If you go back around a hundred years in time you’ll find that speculation about extraterrestrial life was rampant, much like today. However, in 2017, our expectations of finding life in the solar system are much more measured than they were for our ancestors. No more theories of lakes on Mars dug by the Martian race or Dinosaurs walking on a balmy Venus.
Seth Shostak, a senior astronomer at the SETI Institute, which is currently on the lookout for alien signals coming from the depths of space, has run through the most likely places we will find simple microbial life in our solar system; the list includes places we’re already exploring but also other places we’ve only taken photos of, on flyby missions.
First on the list, is Mars. The red planet is the most extensively searched place that features on the list, we’ve sent crafts to orbit the planet, we’ve landed rovers to learn more about the terrain of the planet and now we are preparing to land people on the surface. Shostak believes there could be life forms hidden under the dusty surface of Mars, about 30 meters down or below, where some liquid water may also be present.
Next up we have three of the four Galilean moons that orbit around Jupiter, the largest planet in the solar system.
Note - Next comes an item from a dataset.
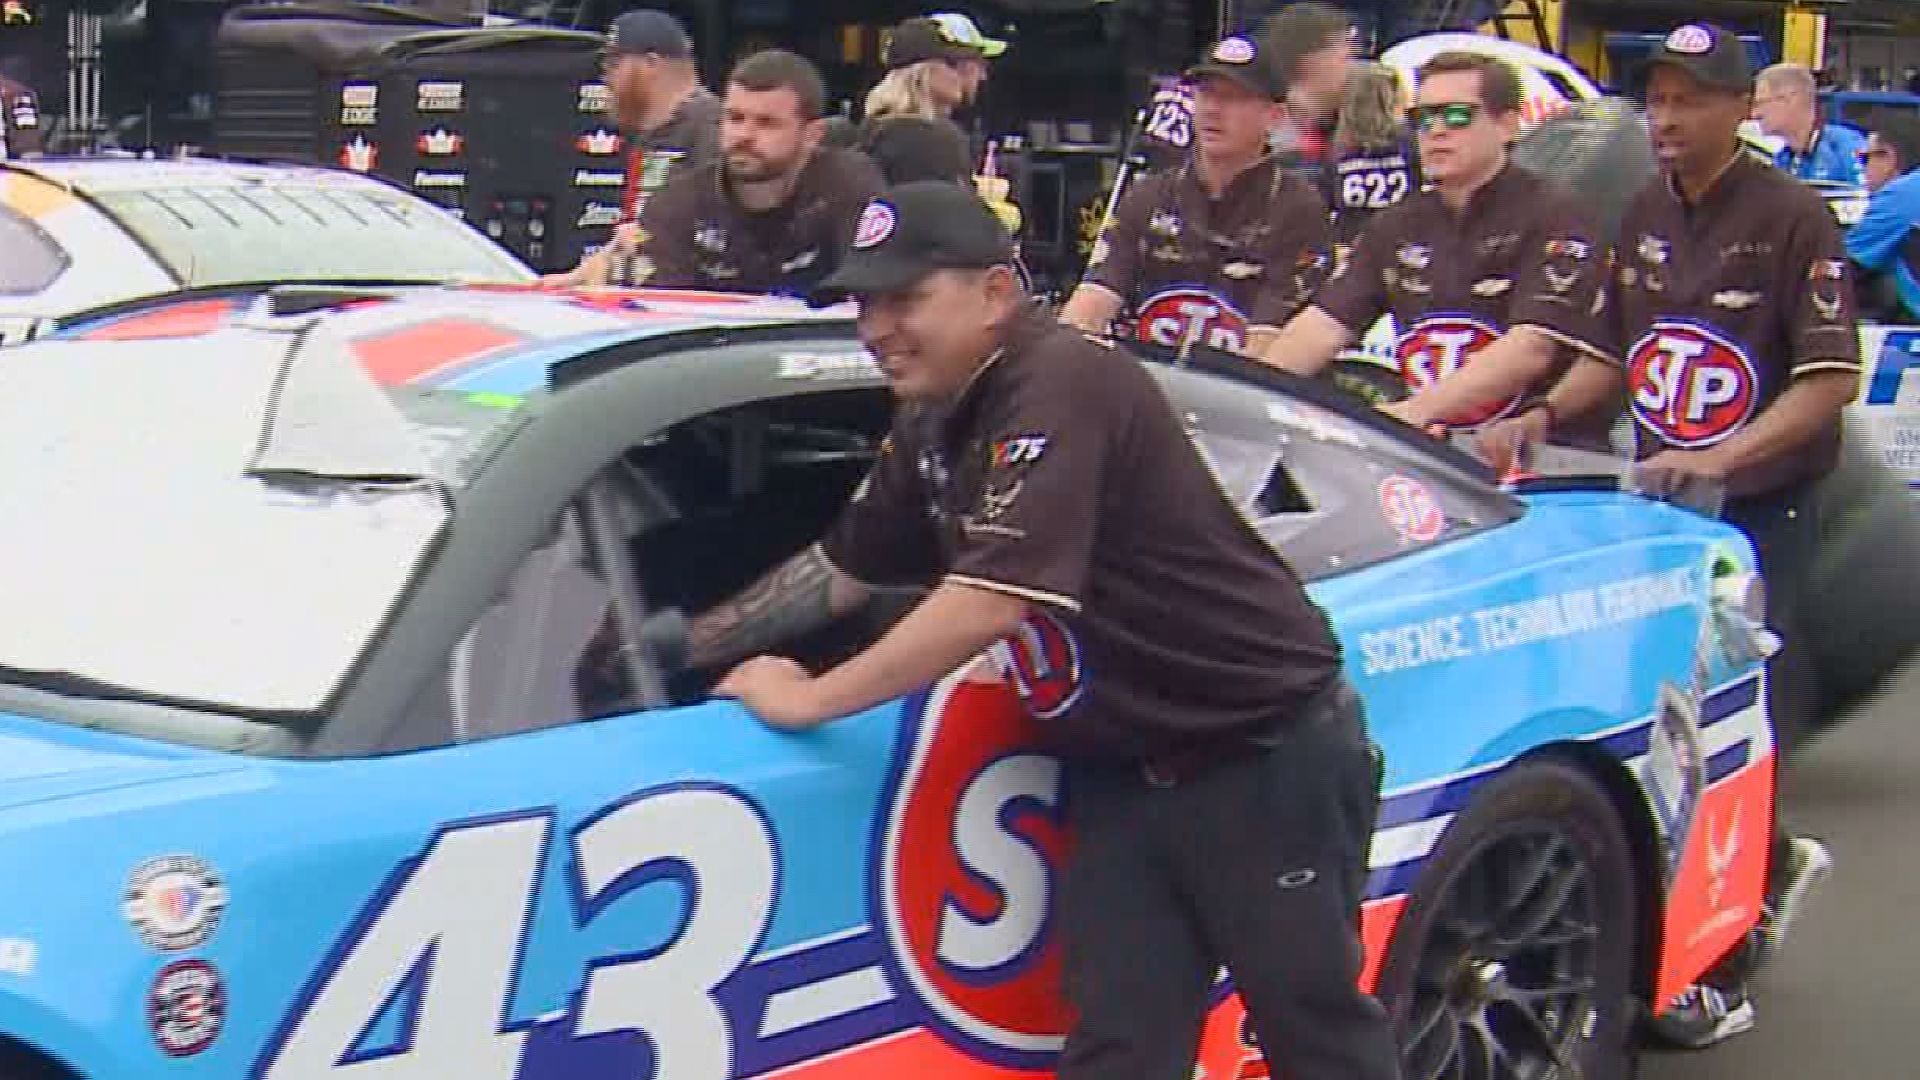 It's been nearly a decade since Nascar pit crews faced off against each other.
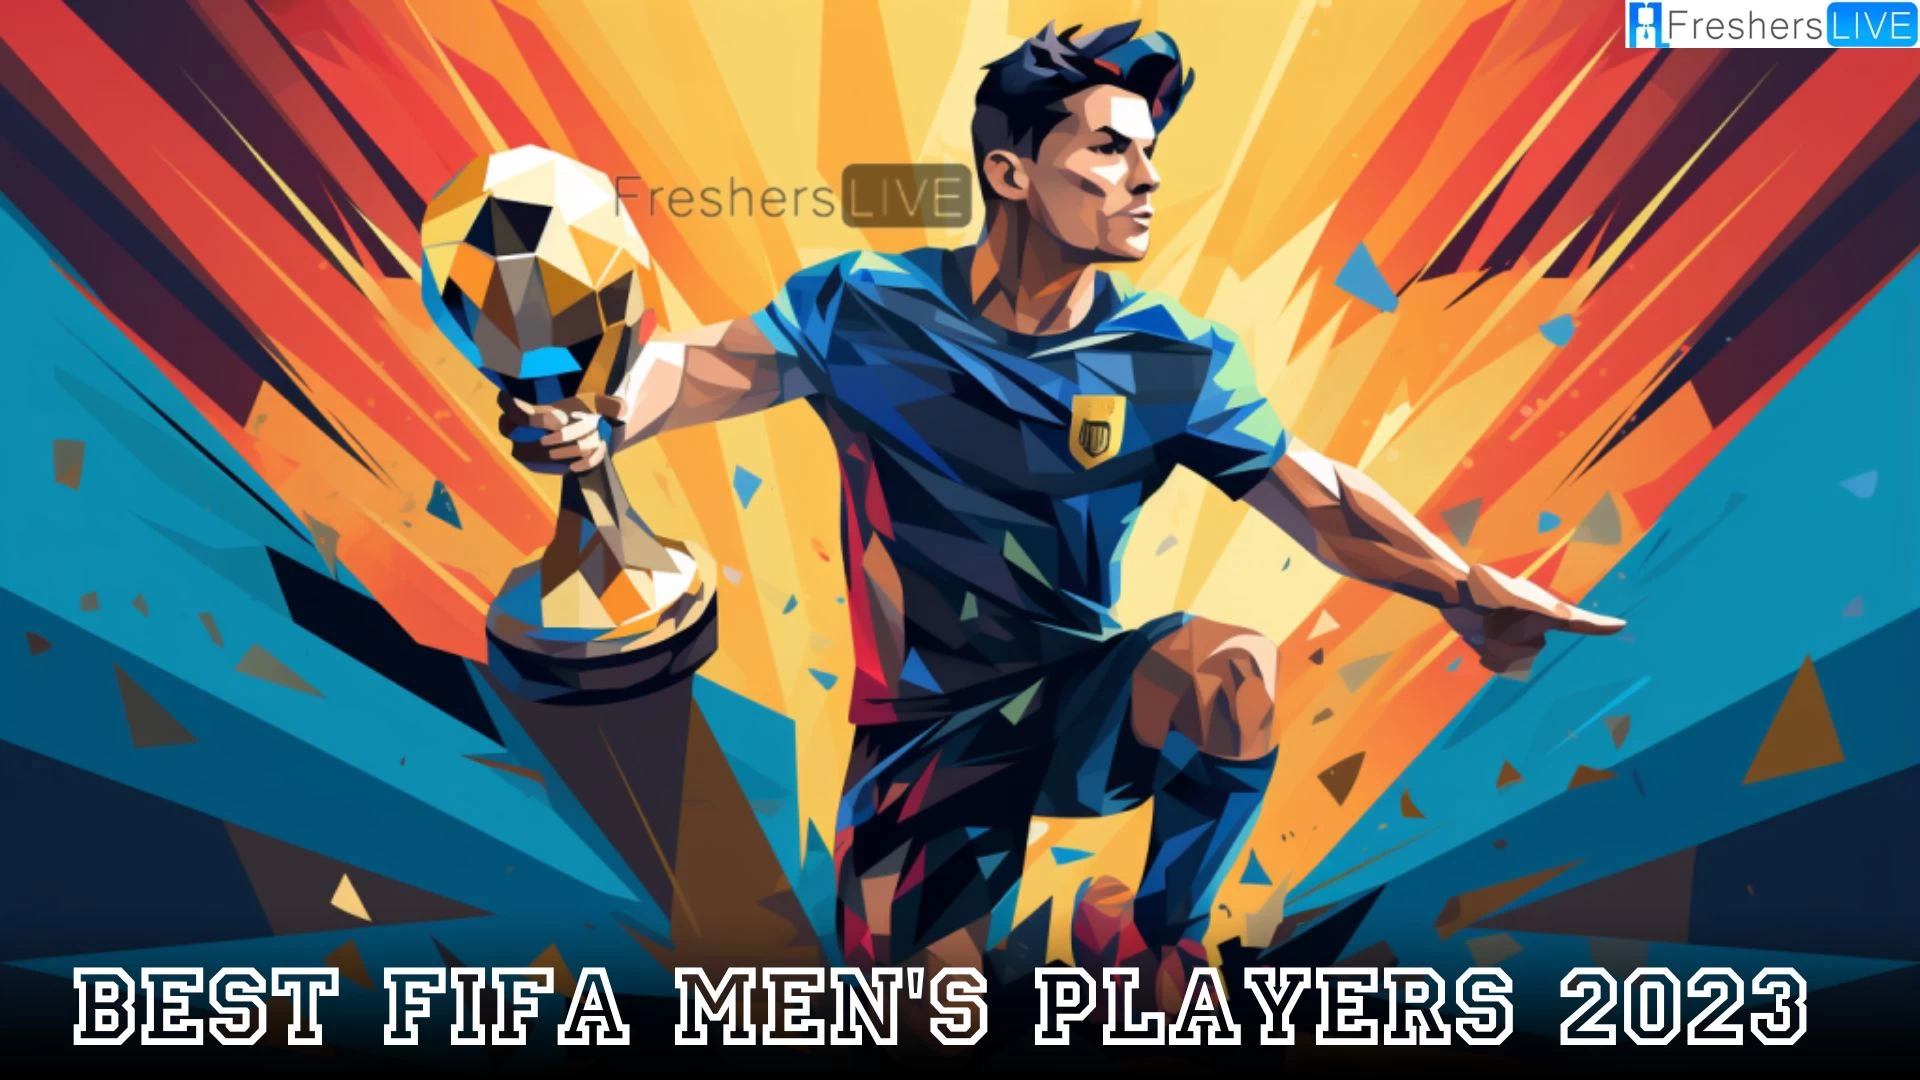 Best FIFA Men's Players 2023 - Shaping Legends in Football

Io is a fiery volcano planet so it’s not considered to be particularly hospitable to life, however, the remaining three, Europa, Callisto, and Ganymede have potential. According to Shostak, Europa’s subsurface oceans could host life which might survive using the hotspots at the bottom of the oceans which are like “little mini volcanoes and that would give you energy for life.” Both Ganymede and Callisto also host oceans but Europa remains the most likely place for life.
The next location is Saturn, where two of its moons, Titan and Enceladus, could potentially harbor life. Although less well known than Europa, Enceladus is one of the most likely places where life could be found and it turns out that it’s not so hard to find out either. Shostak said “it’s shooting geysers into space. So you don’t have to land. You don’t have to drill. You just go grab some of [that] geyser gunk and bring it back to Earth and maybe you’ll find aliens.” Titan, on the other hand, has liquid lakes of natural gas, so it could also sustain life.
The final candidate that Shostak put forward was Pluto. We’ve only just got decent pictures of the dwarf planet thanks to a flyby. Shostak hypothesizes that there are pockets of liquid water underneath the surface of Pluto which means it could also host microbial life.
When asked whether we’ll find extraterrestrial intelligent life, Shostak replied that it might be found in the next two decades. “There’s a lot of real estate out there, right? There are a trillion planets in the Milky Way. We can see a trillion other galaxies, each with a trillion planets. If they’re not out there, then all these people behind us are really special.”
It may seem impossible to discover extraterrestrial intelligent life in the next 20 years, but considering the leaps that human technology has made over just the past two decades, it could be possible, or perhaps it's just a hopeful bias.